We are evaluating the Torizon platform with a Colibri iMX6DL/S on top of a Colibri Evaluation Board V3. We managed to install the TorizonCore image with no containers pre-provisioned on the Colibri. We were able to connect to device through SSH, downloaded and then executed some container images from the Torizon dockerhub channel for testing purposes.

Moving on to the developing environment, we followed instructions to set up both Visual Studio Code and Visual Studio 2019 IDE extensions.
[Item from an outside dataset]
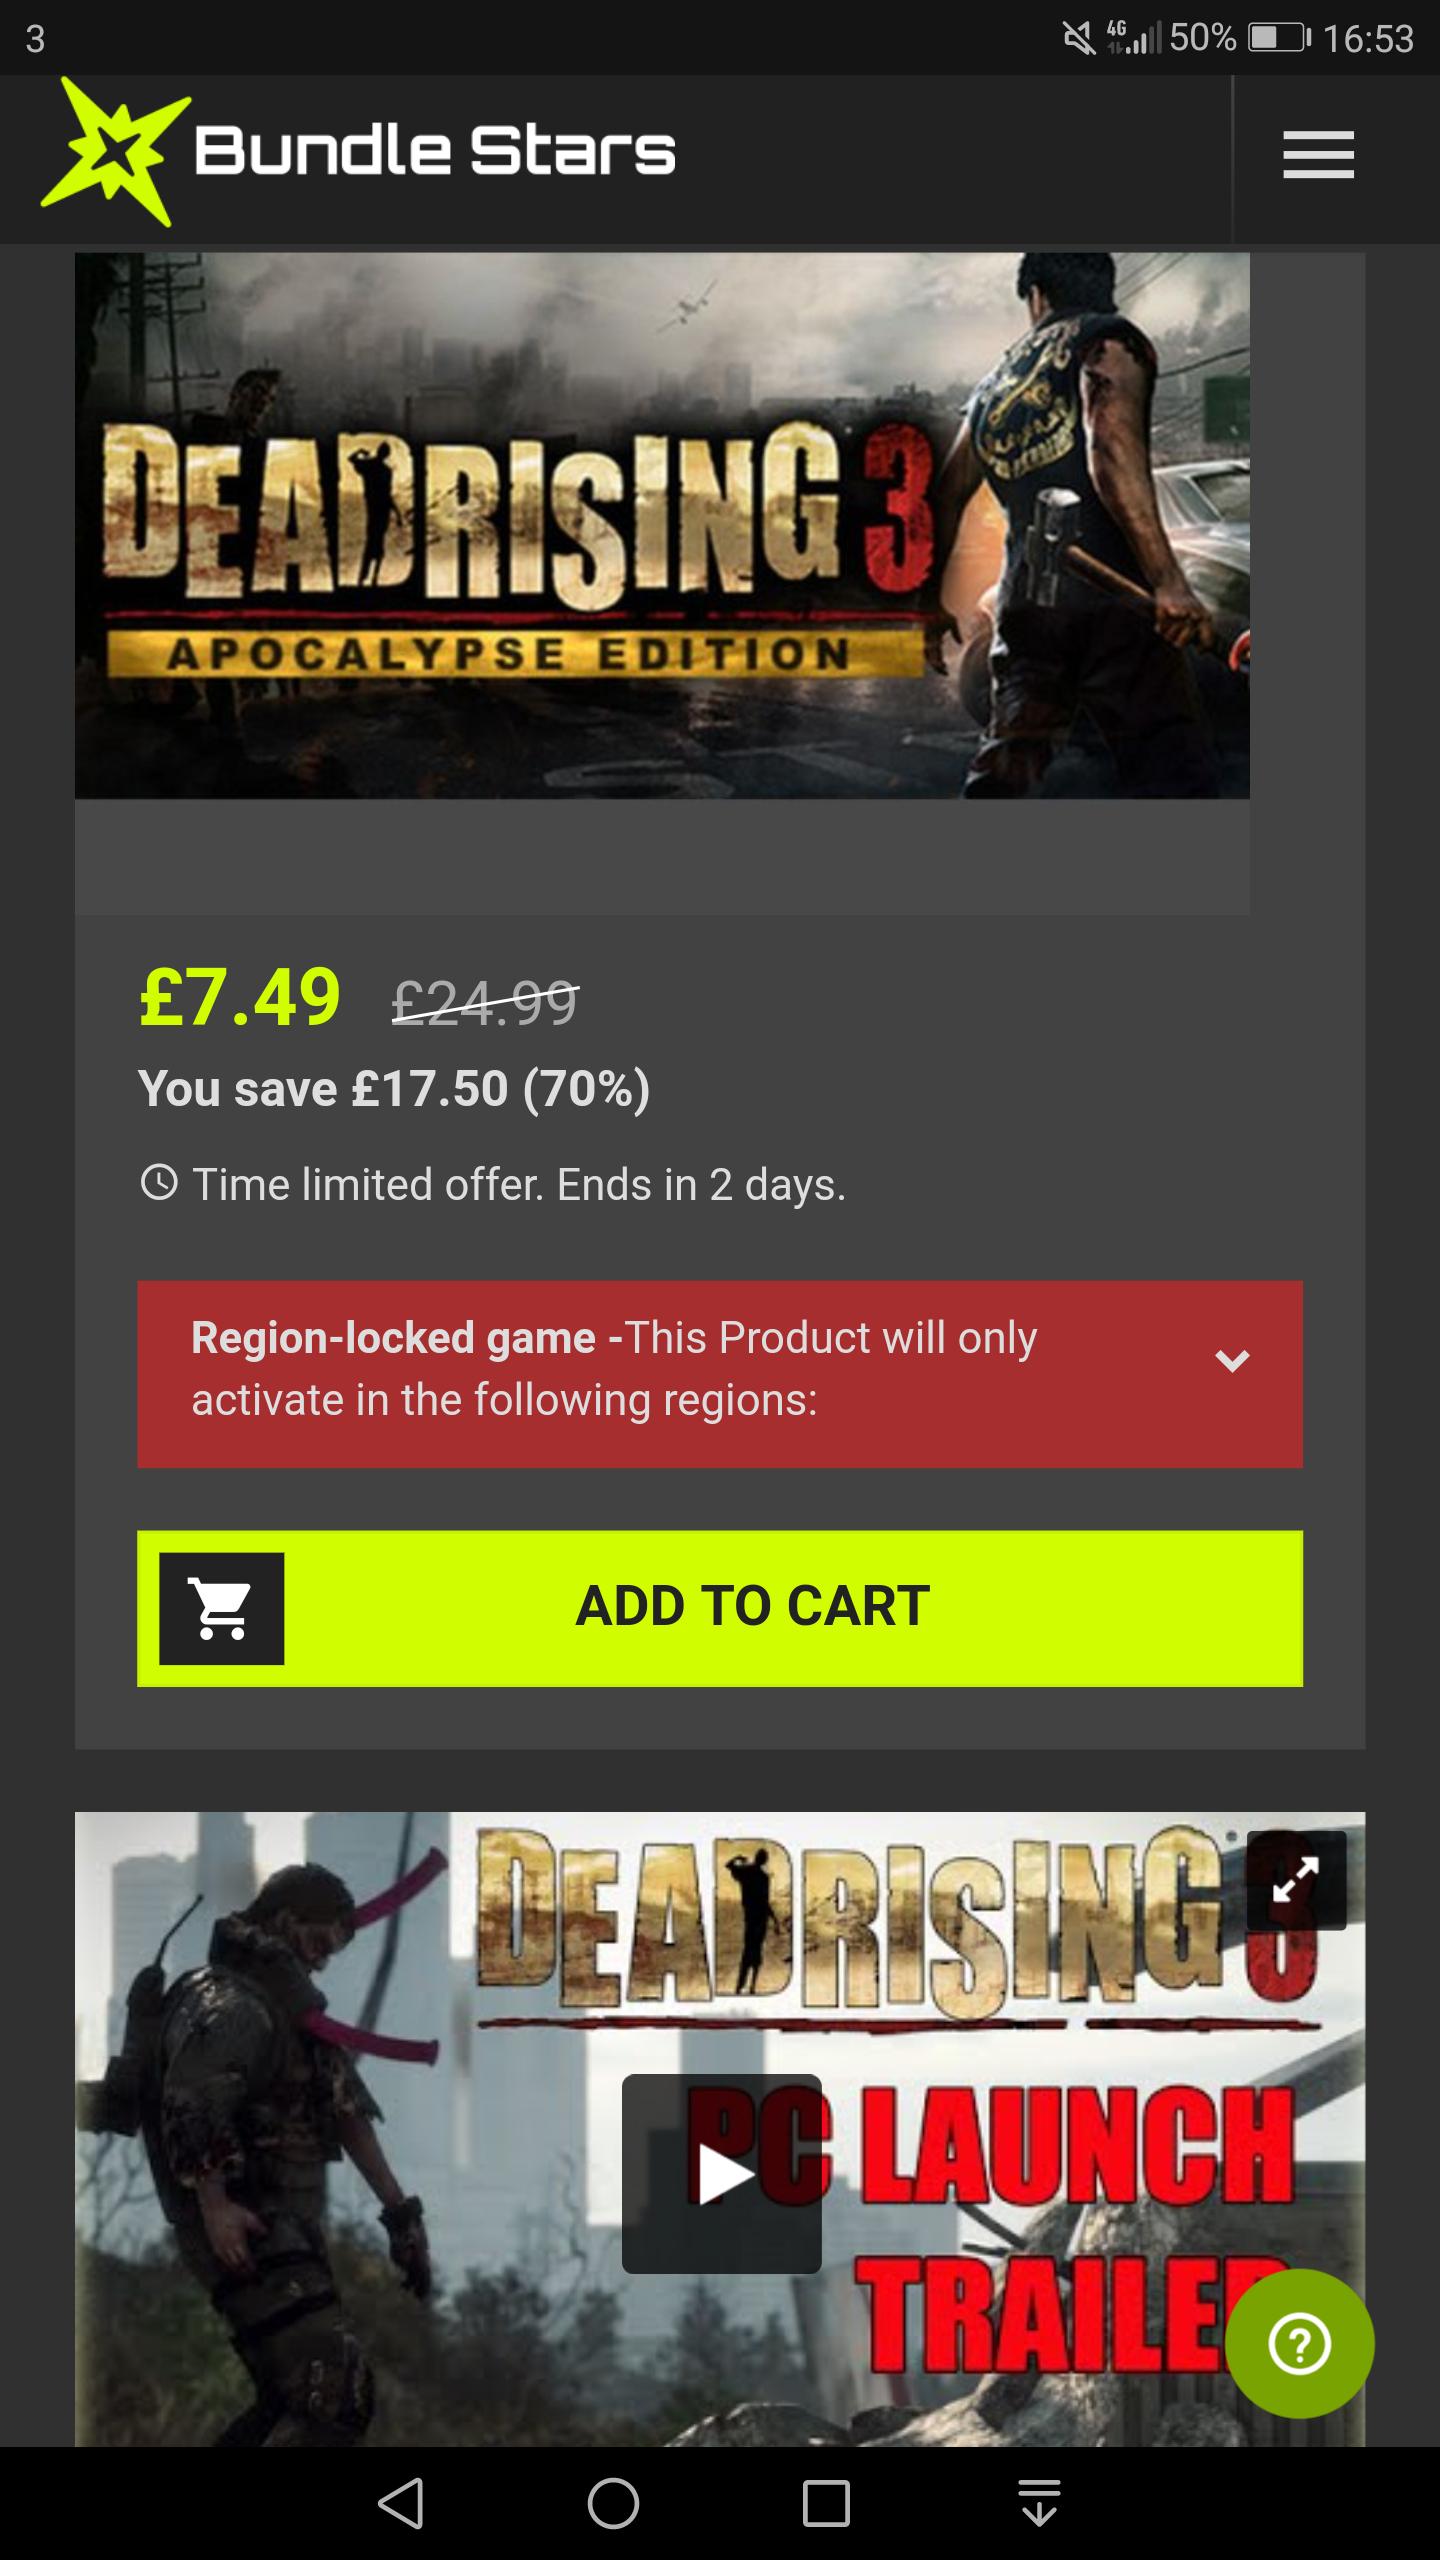 Dead Rising 3 Apocalypse Edition (Includes DLC) - £7.49 (70% Off) at Bundlestars - Steam
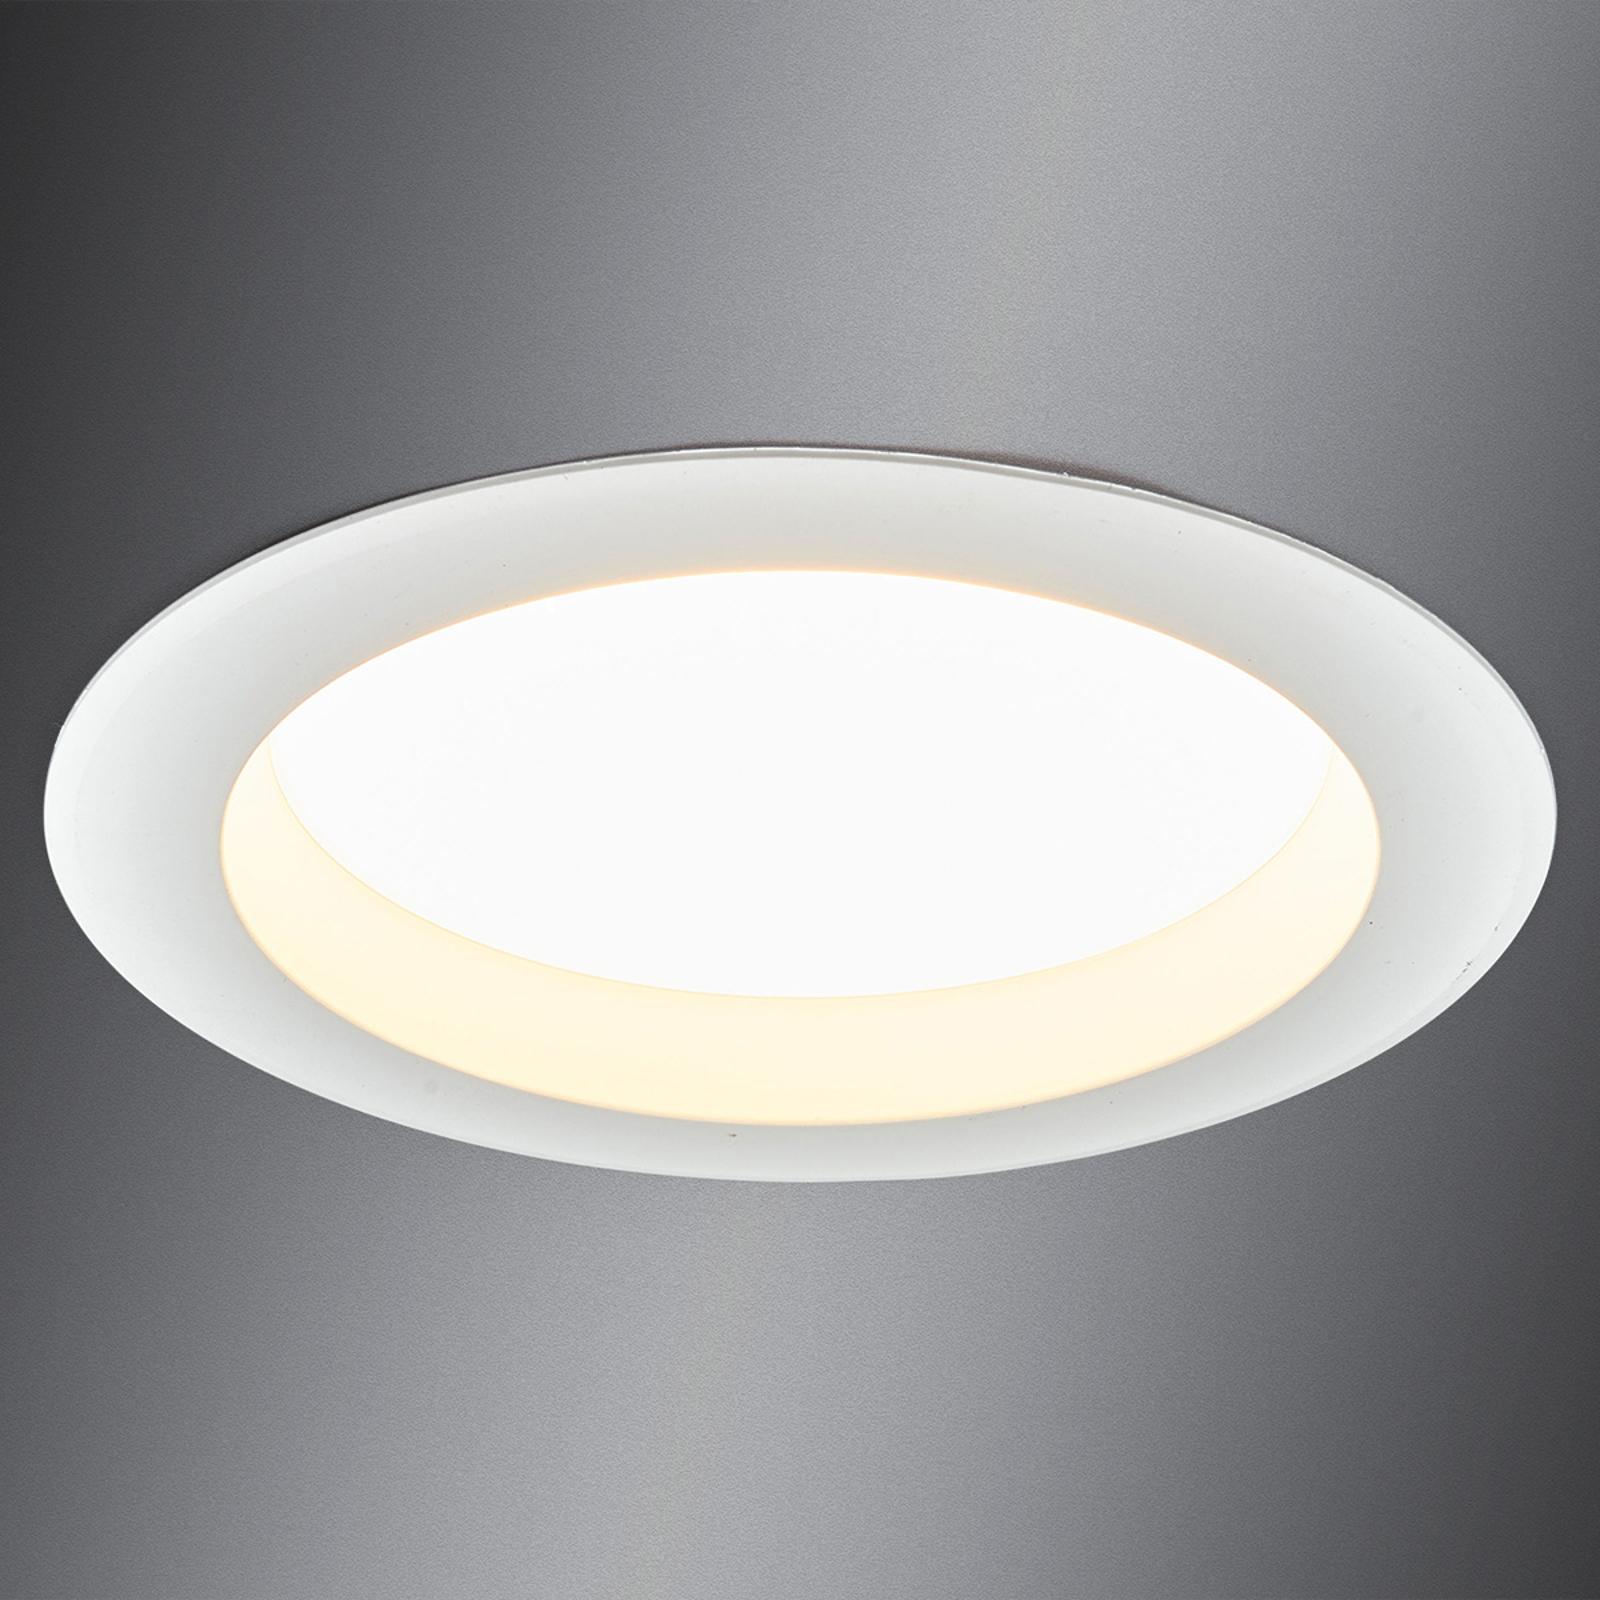 LED svítidlo downlight Arian 17,4 cm 15 W

On both IDEs we were able to detect the device but failed to get device information of images, containers, processes.

The extensions would seem hang for long time and afterwords print an error 500: Internal server error. Further error details mention an error 403 (Client Error Forbidden) while trying to access “http://127.0.0.1:someport/version”.

Analyzing the requests and responses between the IDE extension and the moses backend server we observed that the extension would first request the docker version, then the eulas, then all configured devices, then the device details with the device ID, and finally it would request docker images in the device. At this point is when the error 500 would be returned.

Inspecting the error details it looks like a firewall response. We do have a corporate firewall, but as far as we know it only blocks upstream requests not local requests.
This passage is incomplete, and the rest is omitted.